WHAT YOU HAVE TO DO =>
Begin the copy at the line containing "Illustration représentant le" and end it at the final line of the material below, reproducing each line exactly, without images.

SUPPLIED MATERIAL =>
-*-*-
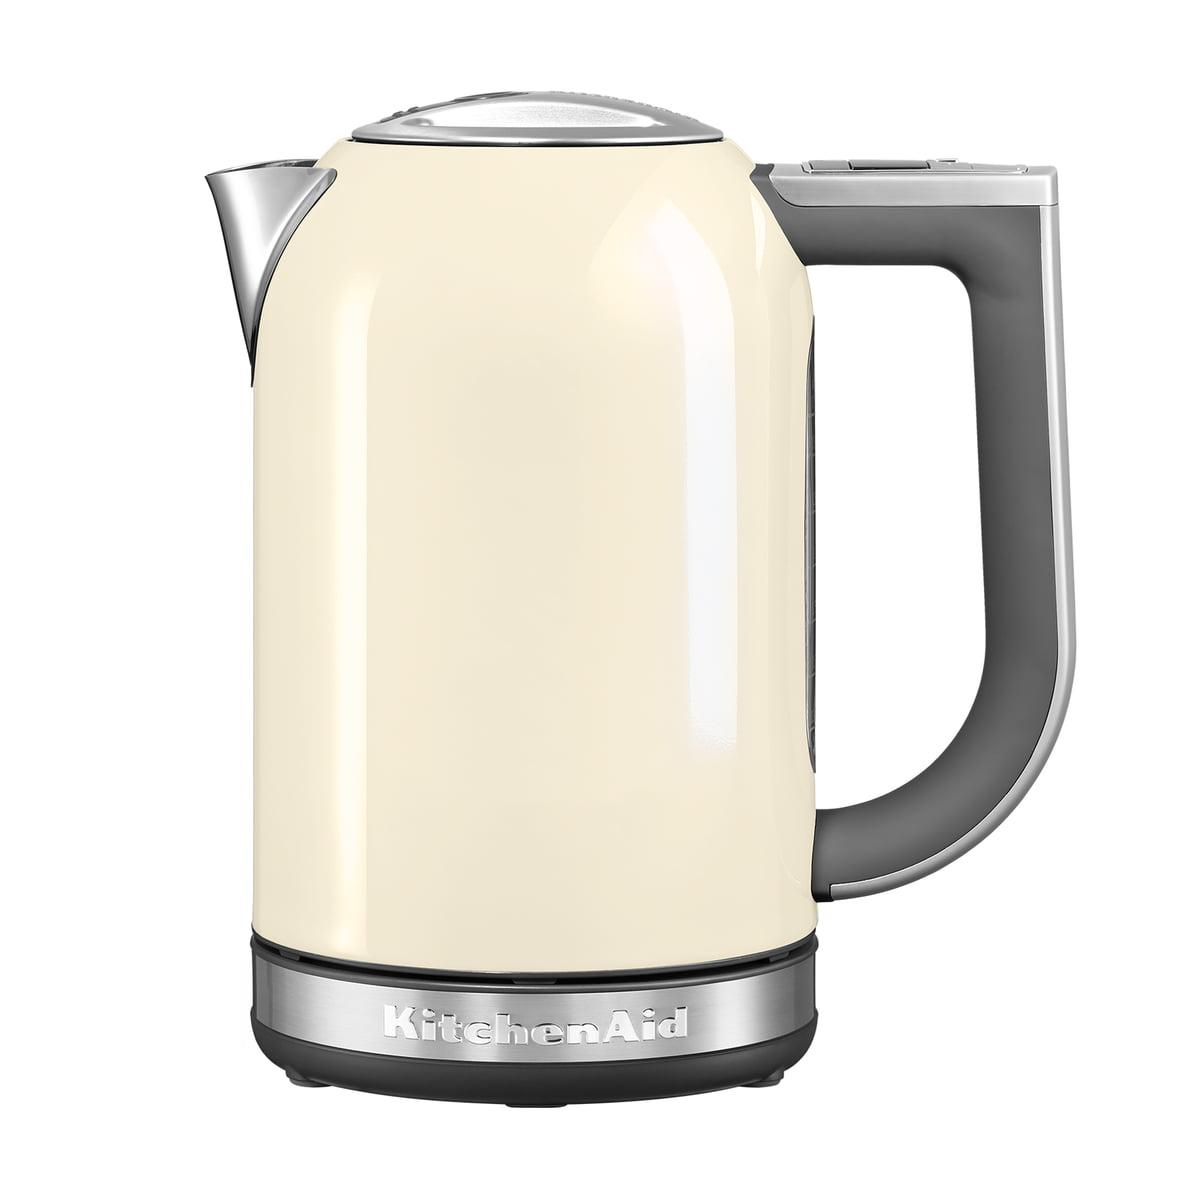 Kitchen Aid KitchenAid - Wasserkocher 1,7 l (5KEK1722), crème | Küche und Esszimmer > Küchengeräte | Créme | Edelstahl | Kitchen Aid
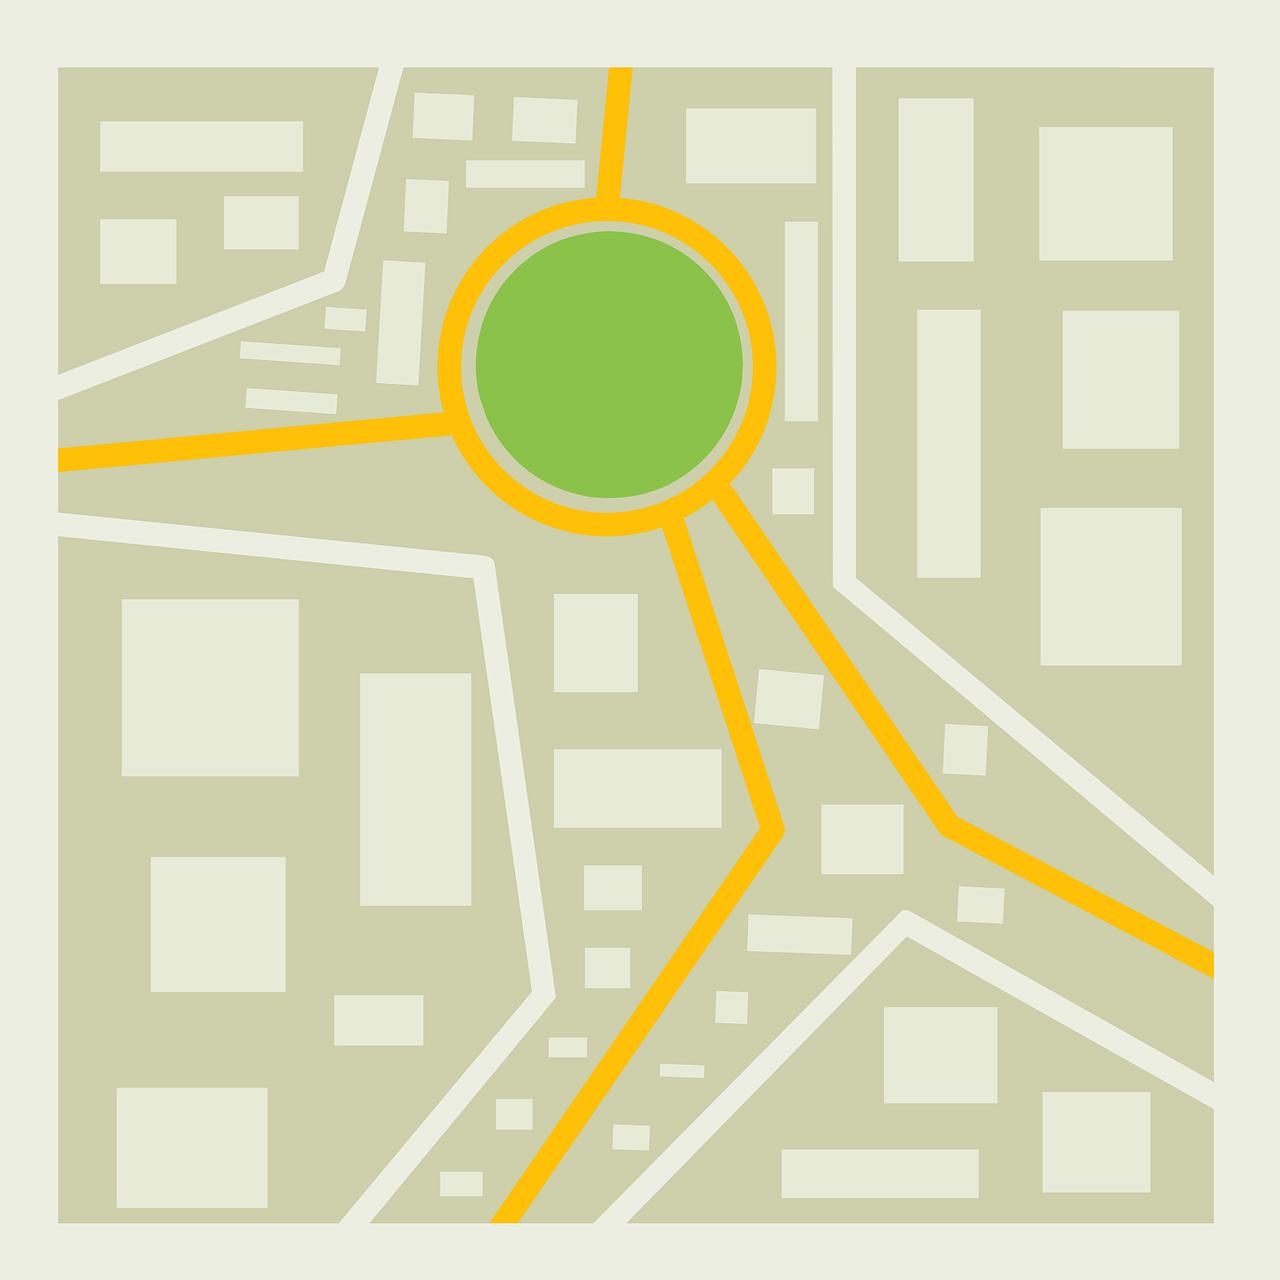 Illustration représentant le plan d'une ville
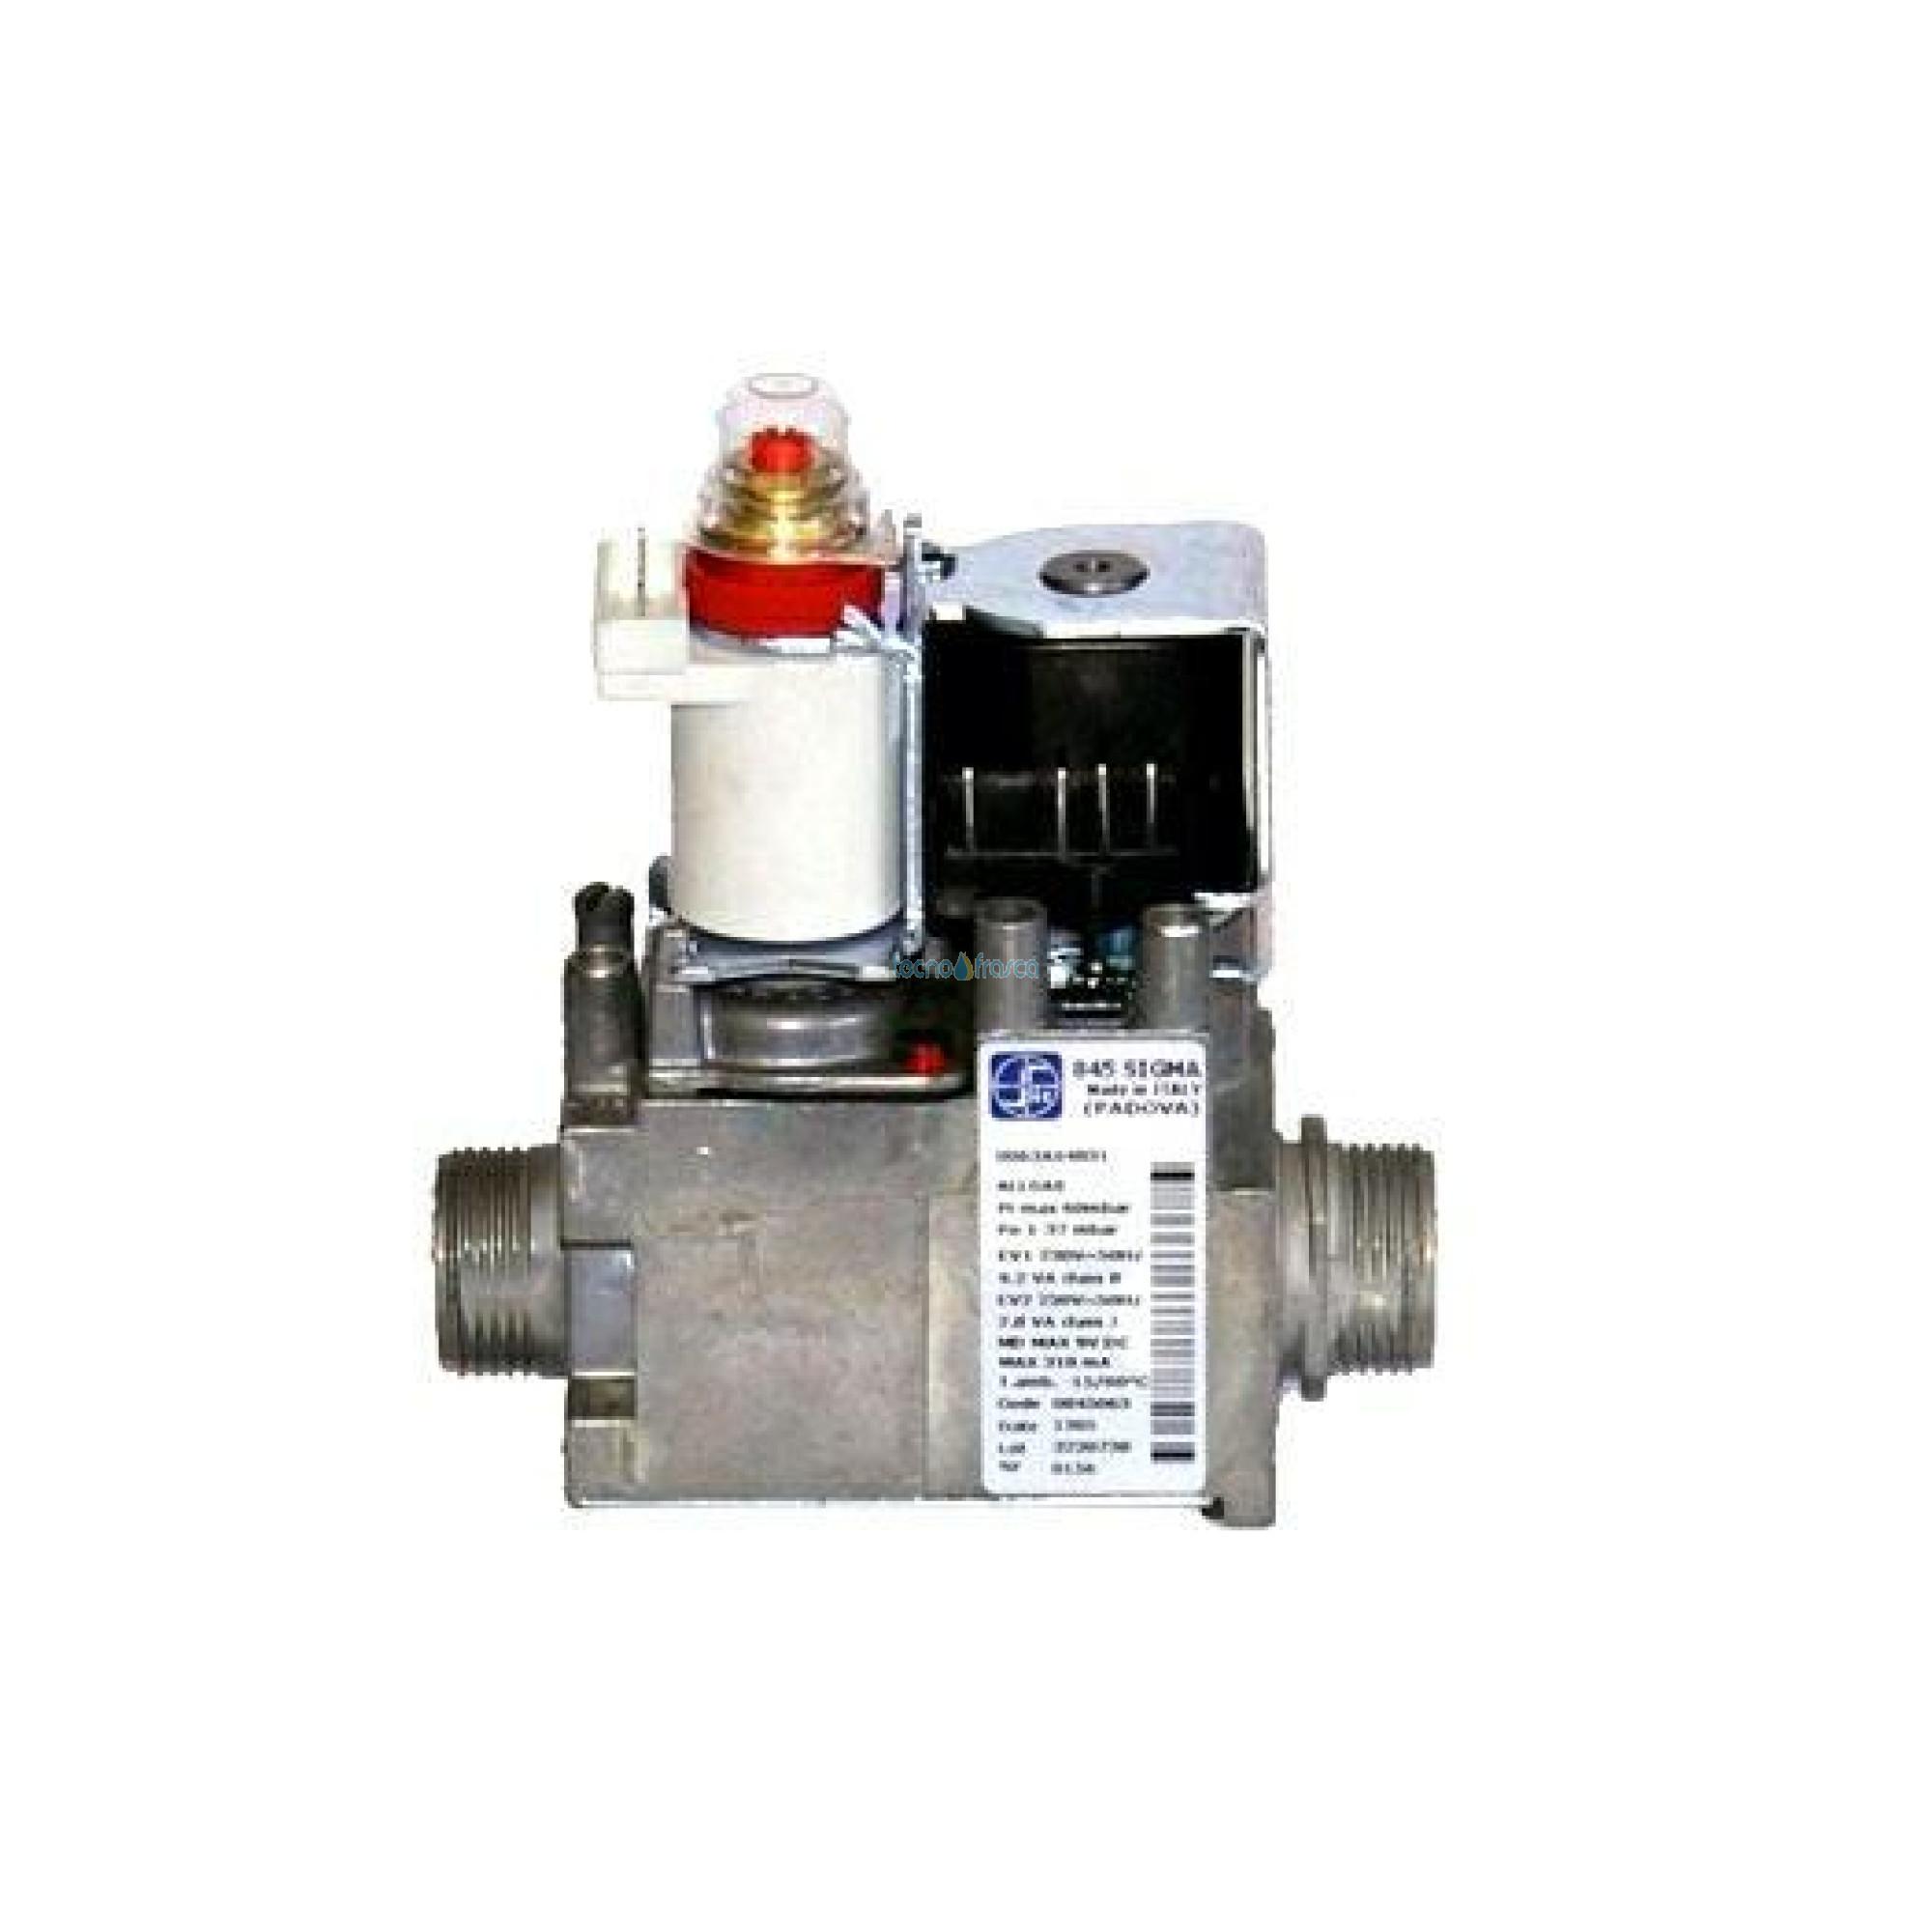 Sit valvola gas 845 sigma 0845063 ex 0845109 immergas
-*-*-
TASK SOLUTION =>
 Illustration représentant le plan d'une ville
 Sit valvola gas 845 sigma 0845063 ex 0845109 immergas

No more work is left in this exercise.